- PROBLEM DESCRIPTION
What is needed is an exact repeat of the lines from the line containing "St George, the" through the final line of the entries below, and nothing else.

(Dataset records)
........

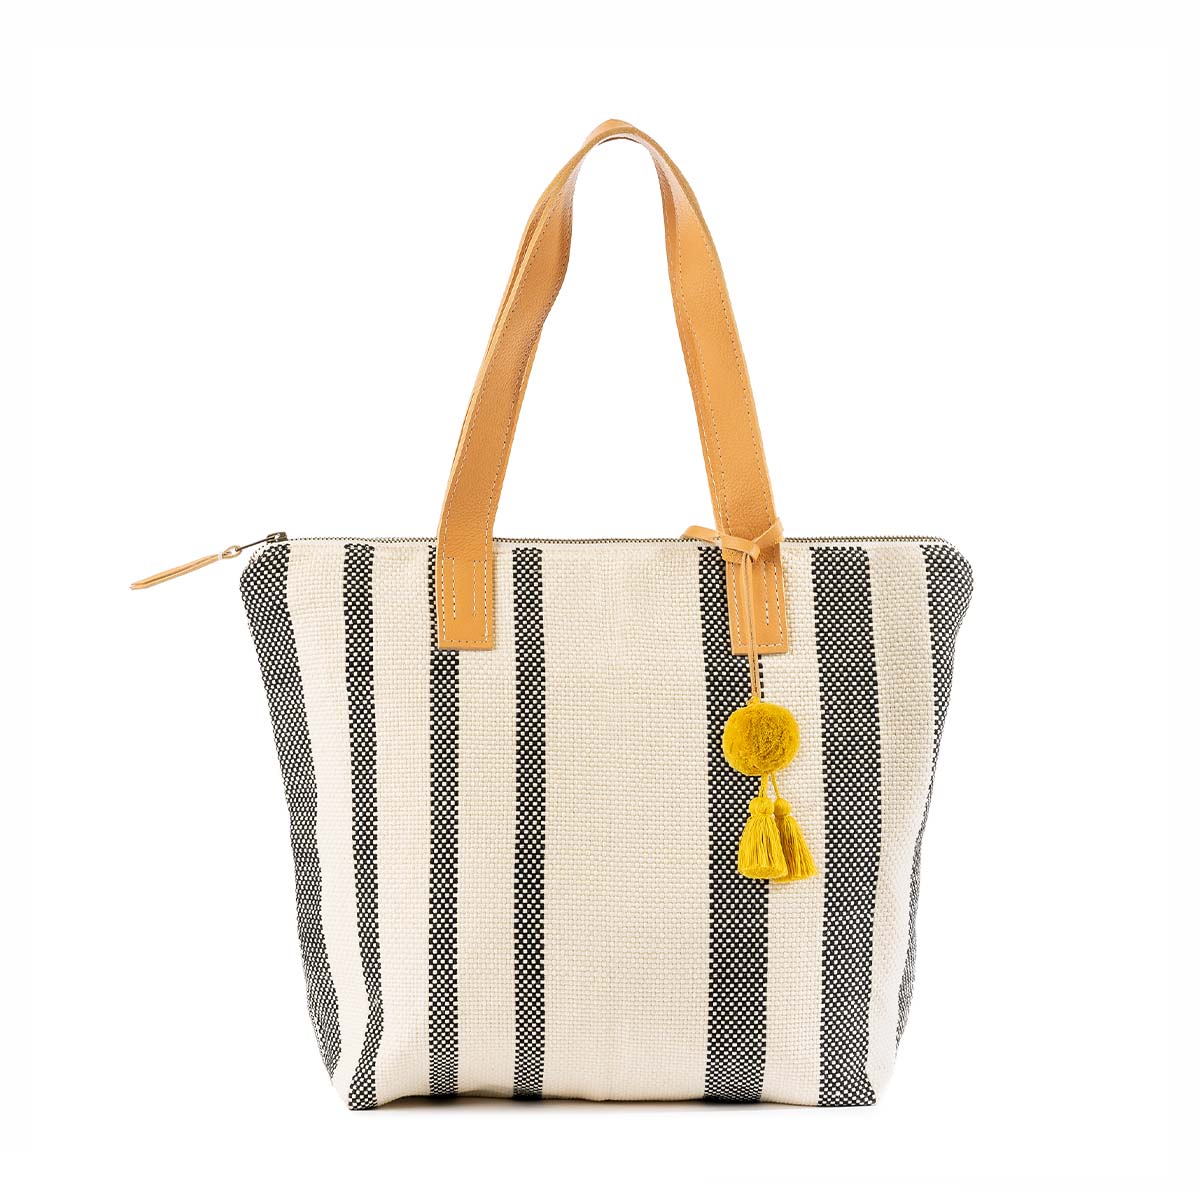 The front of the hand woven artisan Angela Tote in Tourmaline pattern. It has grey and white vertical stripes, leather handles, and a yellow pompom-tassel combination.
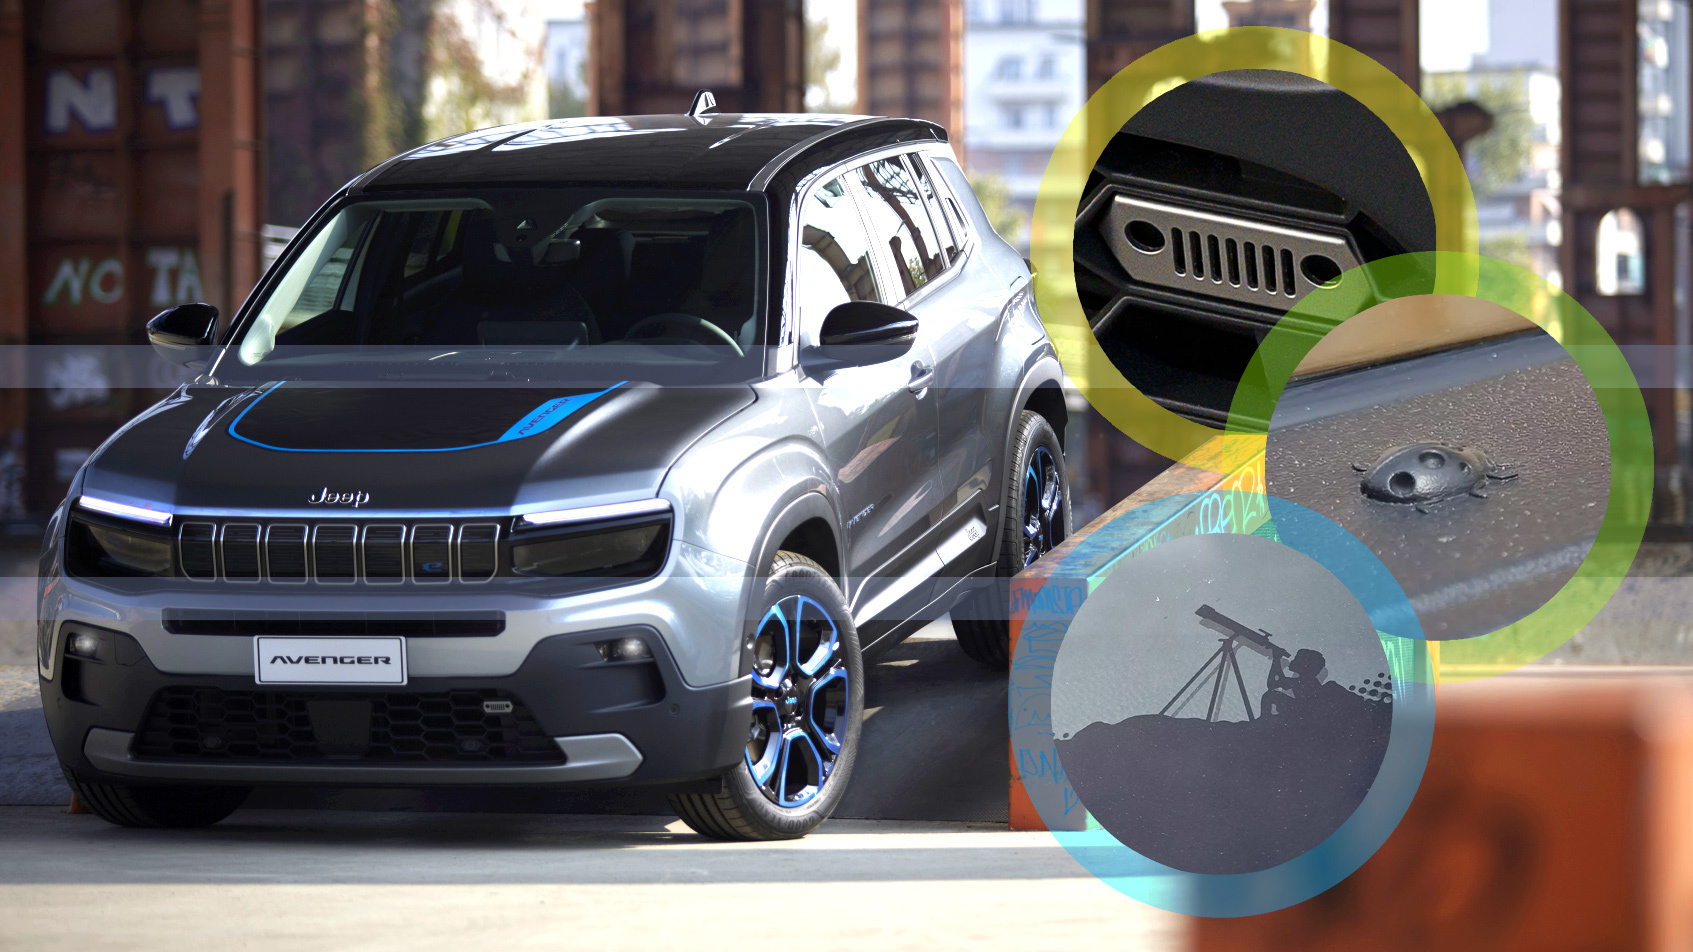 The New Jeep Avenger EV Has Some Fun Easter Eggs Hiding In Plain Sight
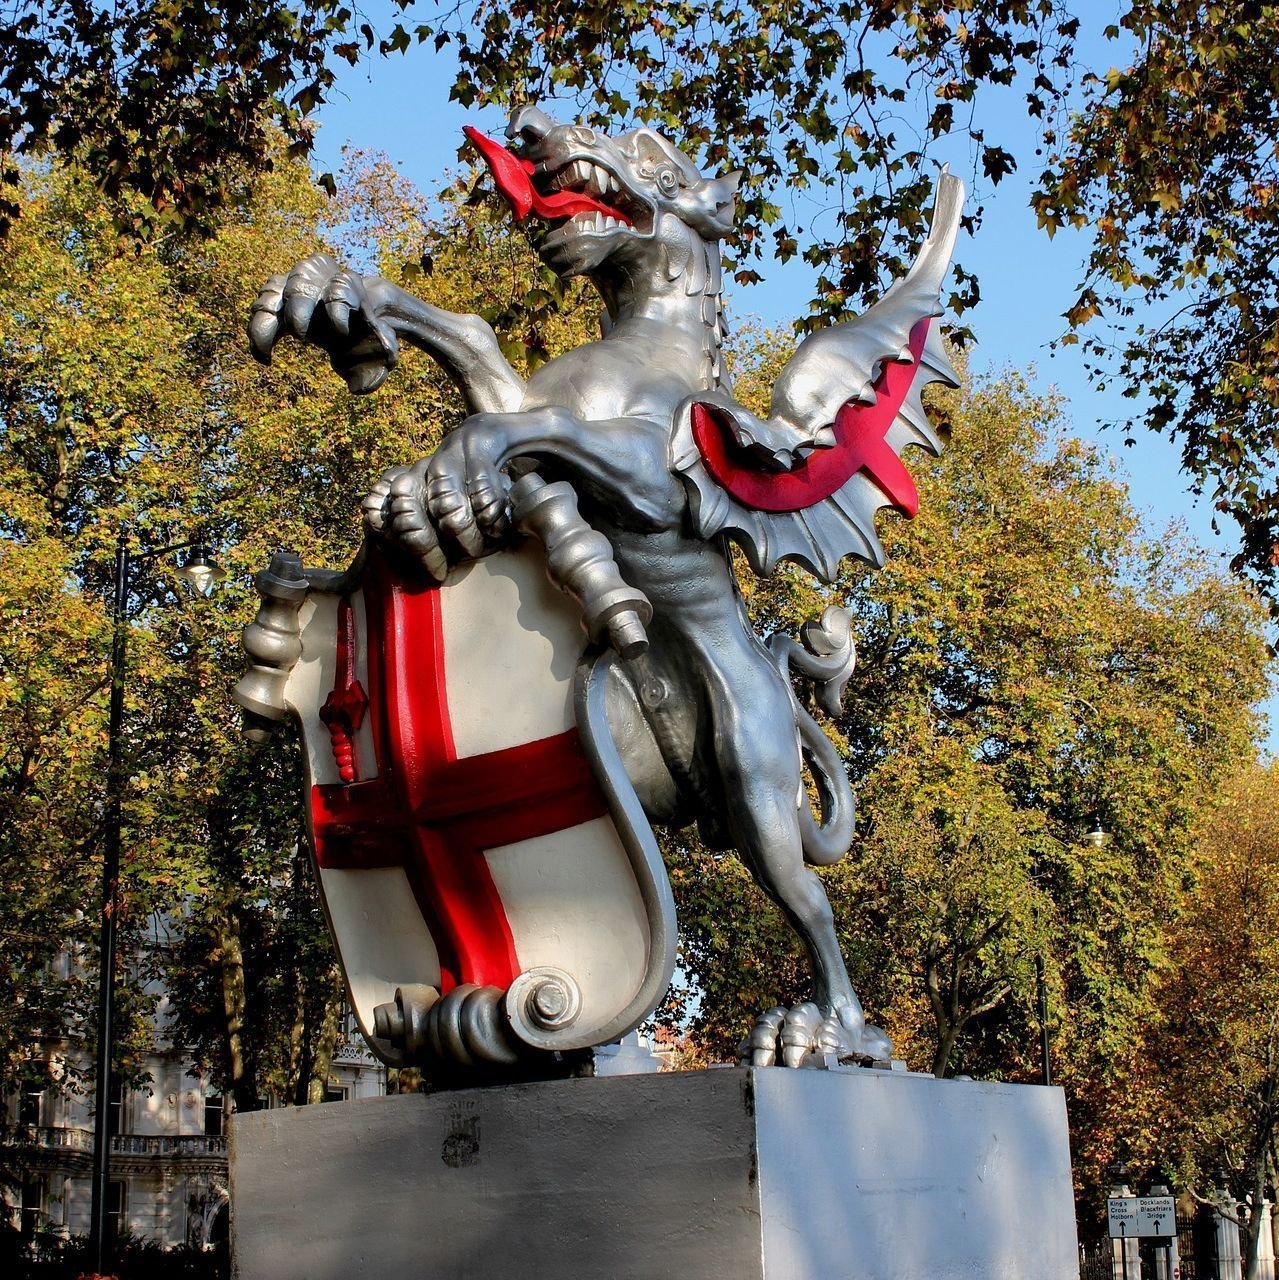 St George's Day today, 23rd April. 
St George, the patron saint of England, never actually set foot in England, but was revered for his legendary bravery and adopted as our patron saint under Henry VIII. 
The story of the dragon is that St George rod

........

- YOUR SOLUTION
St George, the patron saint of England, never actually set foot in England, but was revered for his legendary bravery and adopted as our patron saint under Henry VIII. 
The story of the dragon is that St George rod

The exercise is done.